4. General Provisions.

     (a) This Agreement shall be governed by the laws of the State of California (without regard to
principles of conflict of laws).

     (b) Any notice, demand or request required or permitted to be given by either the Company or
Employee pursuant to the terms of this Agreement shall be in writing and shall be deemed given when
delivered personally or deposited in the U.S. mail, First Class with postage prepaid, and addressed
to the parties at such addresses as have been previously furnished by the Parties or such other
address as a Party may request by notifying the other in writing.

     (c) The rights and obligations of Employee under this Agreement may not be transferred or
assigned without the prior written consent of the Company.

     (d) This Agreement is meant to supplement the terms of stock option agreement(s) or other
agreement(s) pursuant to which Employee acquired the Options, as well as any written employment
agreement between the Company and Employee. To the extent that the terms and conditions of this
Agreement are inconsistent with those found in such stock option agreement(s) or other agreement(s)
(employment or otherwise), the terms and conditions of this Agreement shall be controlling.

     (e) Any Party’s failure to enforce any provision or provisions of this Agreement shall not in
any way be construed as a waiver of any such provision or provisions, nor prevent any Party from
thereafter enforcing each and every other provision of this Agreement. The rights granted the
Parties herein are cumulative and shall not constitute a waiver of any Party’s right to assert all
other legal remedies available to it under the circumstances.

     (f) Employee agrees upon request to execute any further documents or instruments necessary or
desirable to carry out the purposes or intent of this Agreement.

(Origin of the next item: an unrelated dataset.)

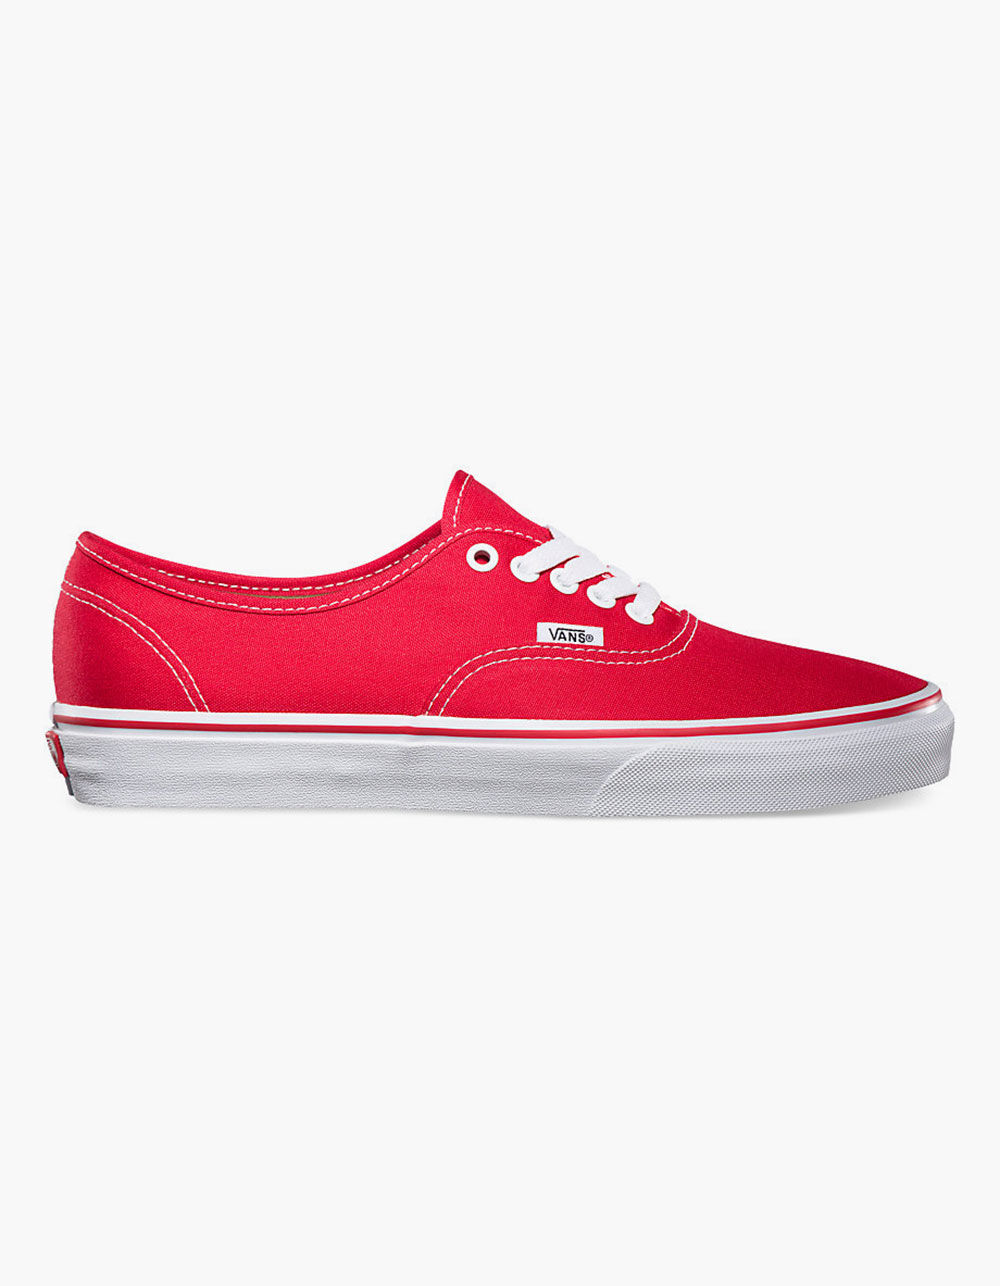 VANS Authentic Red Shoes image number 0

     (g) In case any provision of this Agreement shall be invalid, illegal or unenforceable, the
validity, legality and enforceability of the remaining provisions shall not in any way be affected
or impaired.

     (h) This Agreement, in whole or in part, may be modified, waived or amended upon the written
consent of the Company and Employee.

     (i) Notwithstanding anything to the contrary herein, nothing contained in this Agreement shall
in any way alter Employee’s rights under the Employment Agreement except for the last sentence of
paragraph 1(b) above.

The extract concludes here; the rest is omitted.